Neue soziale Standards

Blick nach Europa
Verfasst durch Roland Erne

EU-Mindestlohnrichtline III

Was bringt die neue EU-Mindestlohnrichtline für Beschäftigte in der Schweiz? Vorerst nichts, denn die EU-Kommission verlangt nicht, dass die Schweiz das Arbeitsrecht der EU übernimmt. In den bilateralen Verträgen mit der EU geht es um den gegenseitigen Marktzugang und nicht um die sozialen Leitplanken, die eigentlich auch zum EU-Binnenmarkt gehören. Das ist ein Konstruktionsfehler. Und deshalb gibt es die flankierenden Massnahmen zum Lohnschutz.

Die EU-Mindestlohnrichtlinie ist dennoch wichtig für alle Menschen, die in der Schweiz arbeiten, denn sie setzt neue soziale Standards, die weit über die EU-Grenzen hinauswirken.
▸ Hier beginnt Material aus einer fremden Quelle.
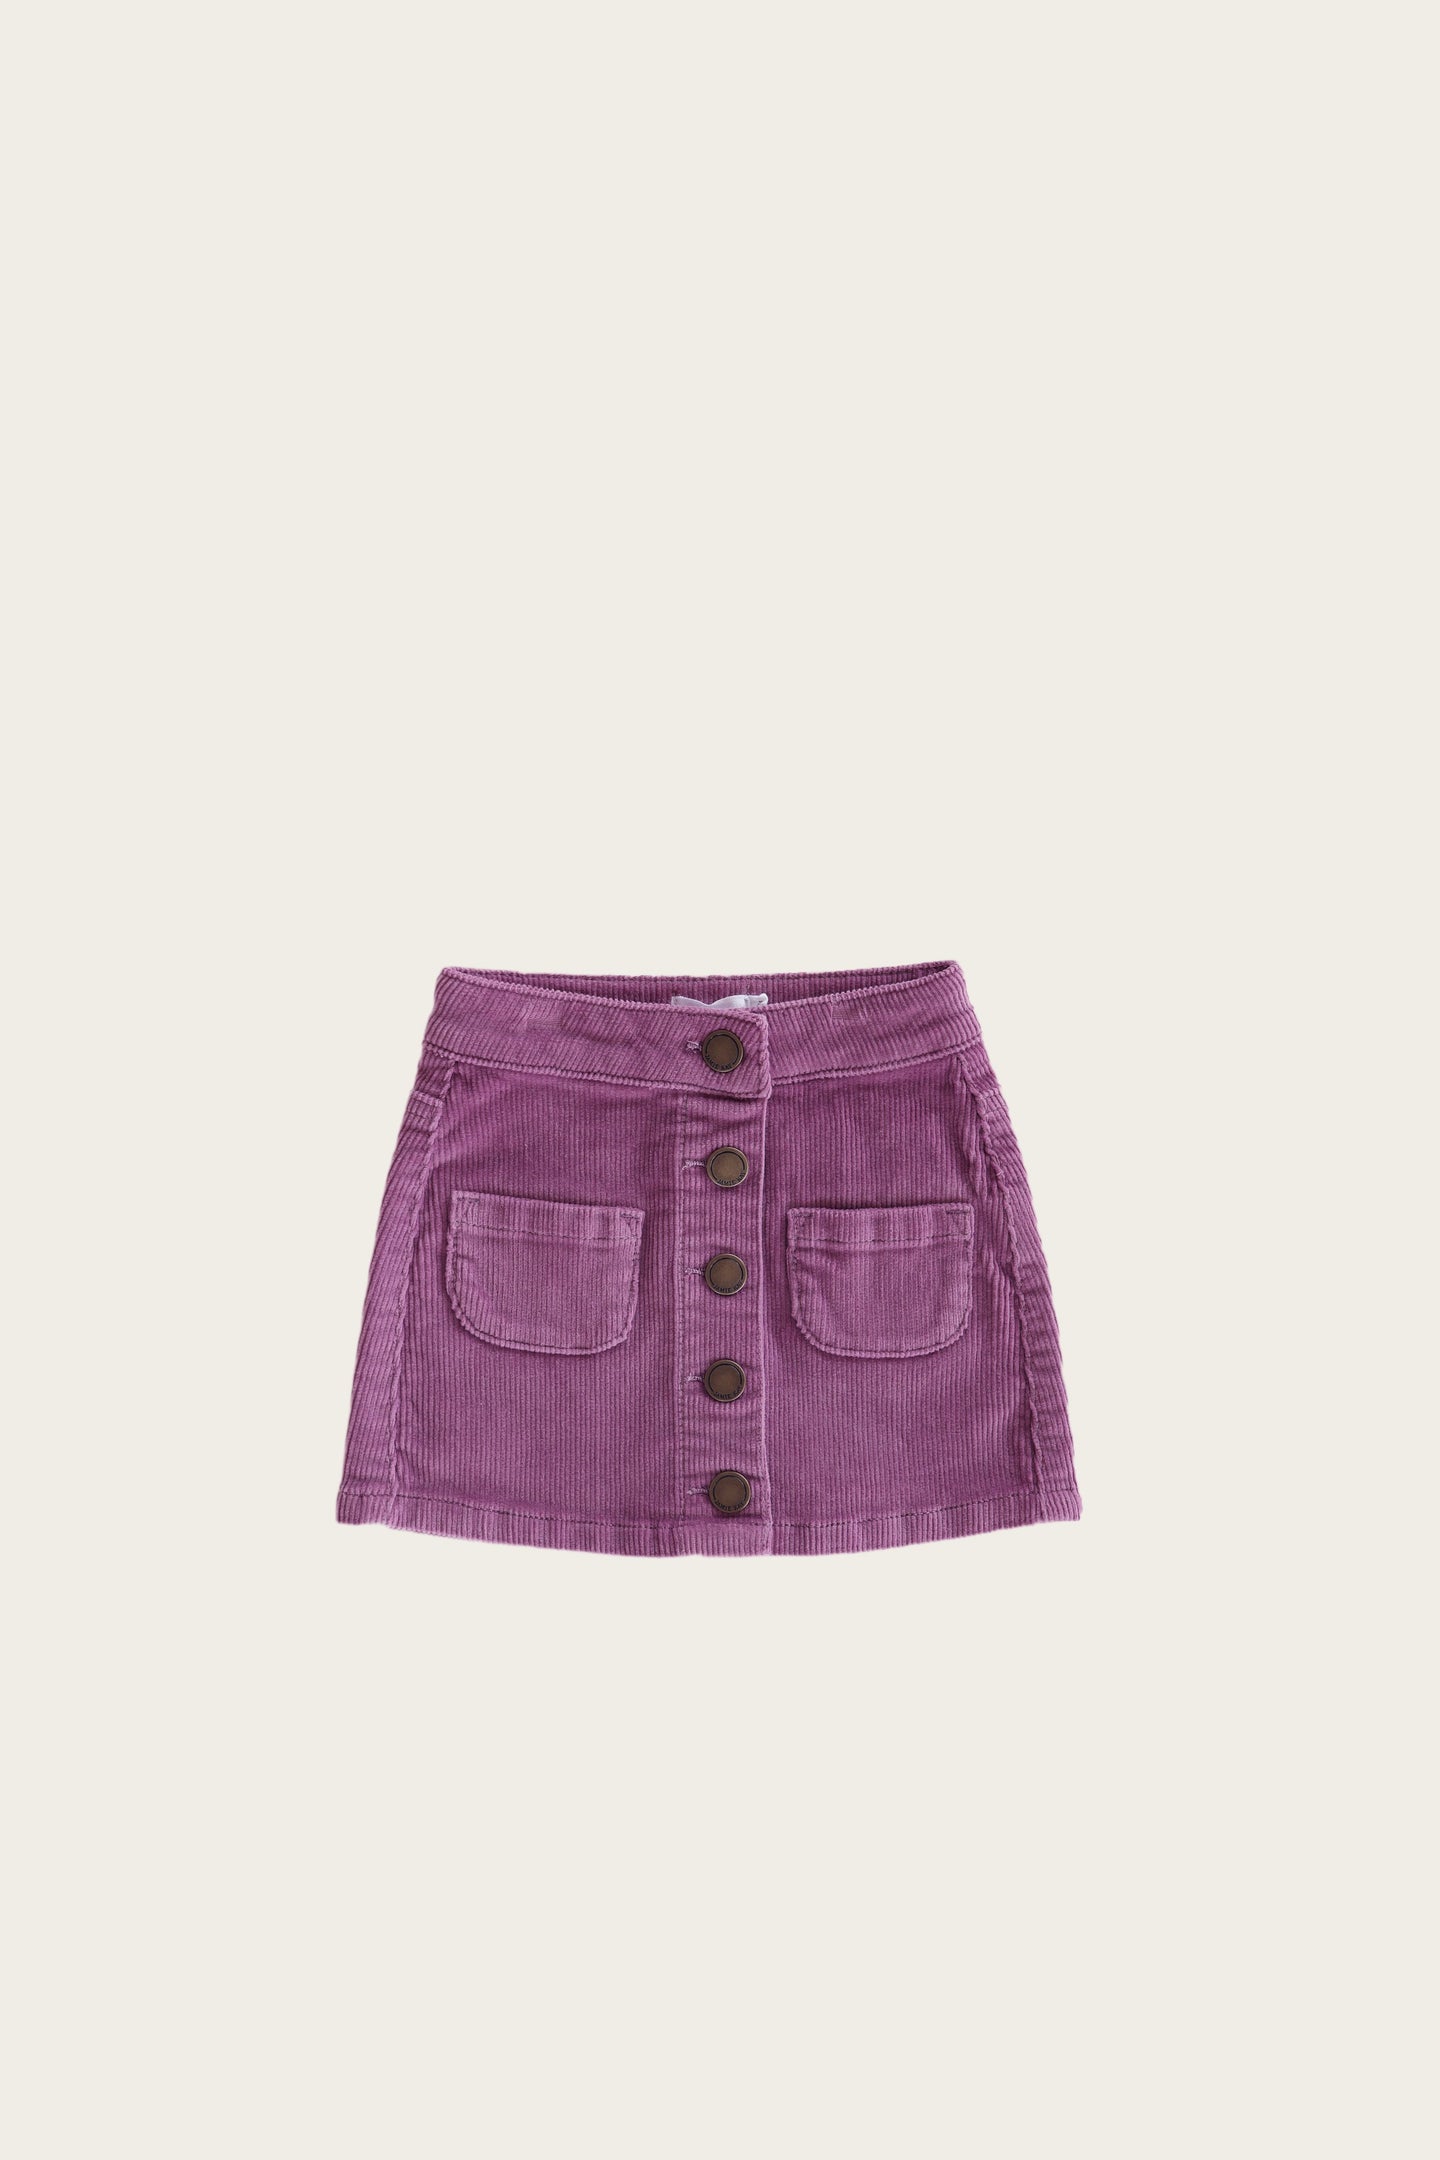 Jamie Kay - Ava Cord Skirt - Lavender

Besonders im Bereich der Gesamtarbeitsverträge (GAV). Verlangt doch die EU-Richt­linie, dass 80 Prozent aller Beschäftigten einen GAV haben. Die Schweiz müsste also doppelt so vielen Beschäftigten einen GAV garantieren. Und der neue EU-Referenzwert für angemessene Mindestlöhne entspricht in etwa der Höhe des gesetzlichen Mindestlohns in Genf.

Trendumkehr

Nachdem neoliberale Politikerinnen und Politiker jahrzehntelang den GAV schlechtgeredet haben, läutet die EU-Richtlinie eine weltweite Trendumkehr ein. Den Anfang machte mit Australien ausgerechnet ein neoliberales Land, das kaum weiter von Brüssel entfernt sein könnte. Wäre die EU nicht mit gutem Beispiel vorangegangen, hätte der australische Senat vor kurzem kein «Fair Work»-Gesetz verabschiedet, das firmenübergreifende GAV stärkt.

Zudem verlangt die neue EU-Richtlinie nicht nur angemessene Mindestlöhne und mehr GAV, sondern auch einen besseren Lohnschutz. Dies ist wichtig, da recht haben und recht bekommen nicht dasselbe ist, besonders am Arbeitsplatz. Wie in der Schweiz erlaubt nun auch die EU-Richtlinie Konventionalstrafen gegen Firmen, die keine GAV-Löhne zahlen. Zudem können die Behörden bei der Vergabe von öffentlichen Aufträgen Firmen ausschliessen, die sich nicht ­an gesetzliche Mindestlöhne und GAV-Löhne halten. Auch müssen Arbeit­geber den Gewerkschaften künftig ­den Zugang auf das Firmengelände ­erlauben.

Gummiparagraph

Dennoch müssen nationale Lohnschutzmassnahmen laut der EU-Richtlinie weiterhin nicht nur «effektiv» und «abschreckend» sein, sondern auch «verhältnismässig». Dank diesem Gummiparagraphen besitzen Arbeitgeber und EU-Kommission auch künftig Mittel, um allzu re­striktive Lohnschutzmassnahmen vor dem Europäischen Gerichtshof auszuhebeln. Deshalb werden Beschäftigte in der Schweiz auch künftig auf eigenständige, flankierende Massnahmen zum Lohnschutz angewiesen sein.